Marjorie and I at PaperTigers write the Books at Bedtime posts and these posts usually are about books appropriate for reading to children at bed time.  However, I’m facing a bit of a dilemma having a 13 year old son and a 9 year old daughter.  I no longer read to my son at bed time; he reads for himself and lately, his focus has been on comics and graphic novels.  As a result, I’ve been getting hooked on graphic novels myself (although admittedly the fascination for this genre started for me when I was teen and had access to Japanese manga even though I couldn’t always read them very well) so I have decided to start reviewing graphic novels in future posts while still also doing the occasional Books at Bedtime post to cover those titles I read with my daughter.
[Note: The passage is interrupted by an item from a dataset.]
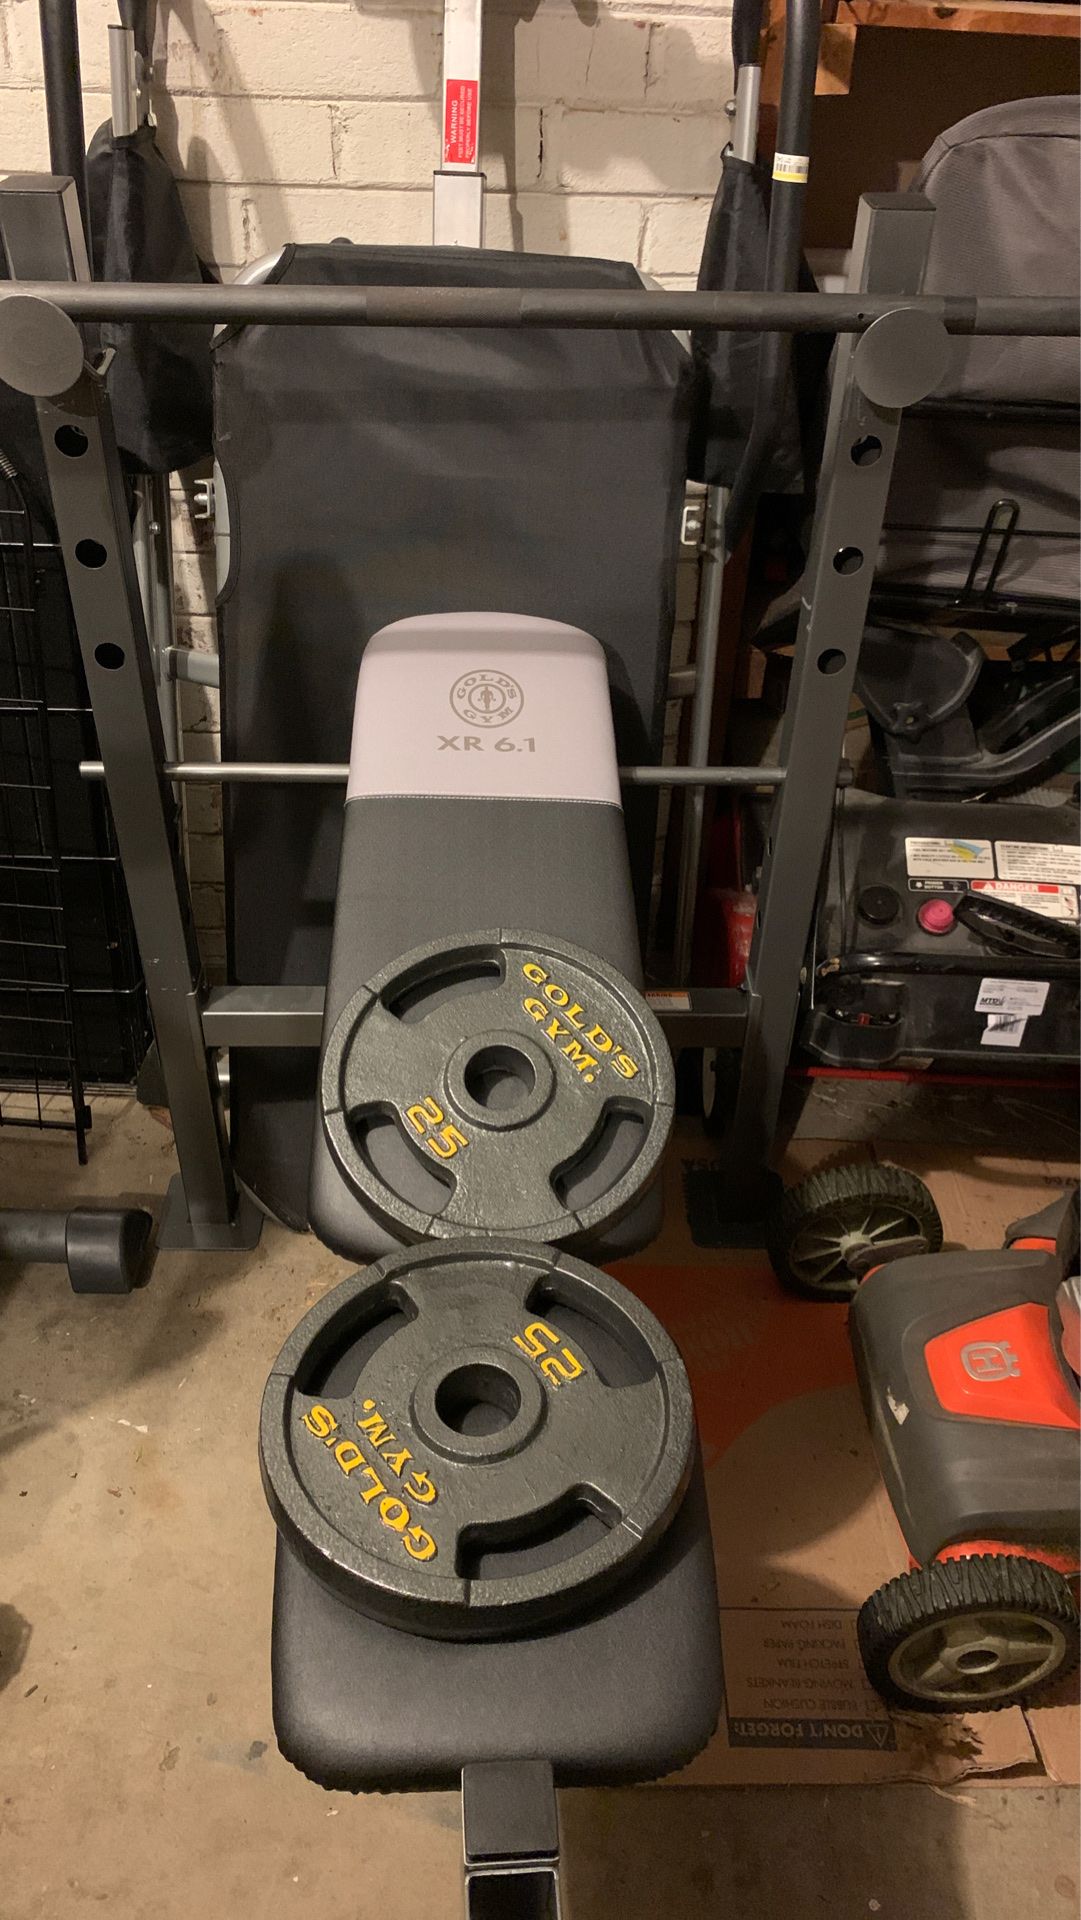 Gold's Gym XR 6.1 Weight Bench (Weight Bench) and Includes a 7' Olympic-style bar (3-piece assembly) and 2x 25-lb round, flat and cast iron plates

However, as with many things in life, there are cross-overs and overlaps.  While perusing the graphic novel shelf at the library, my daughter found one for herself and brought it over to me.  The Boy, the Bear, The Baron, the Bard by Australian Gregory Rogers (Roaring Book Press, 2004) is a story set in Elizabethan England told entirely in images drawn by Rogers.   You would think a book like this wouldn’t be appropriate for bedtime reading, but quite the contrary!  My daughter, having perused the book, brought it to bed with her and asked if we could narrate the story together, playing the different parts of the characters depicted (which include, needless to say — the Bard Shakespeare, a baron, a bear and a boy.)  This was a totally appropriate way to read this book, considering that it featured the famous playwright himself and the world of theatre.  And we had fun, moreover, doing it!

Do you ever read graphic novels to your children at bedtime?  Tell me if you do; I’d love to hear of your experiences.  As children become more increasingly focused on the visual medium through the use of computers (we’re fast approaching the age of reading off our Kindles and Ipads to our children at night), reading graphic novels to our kids may well be the middle road of compromise!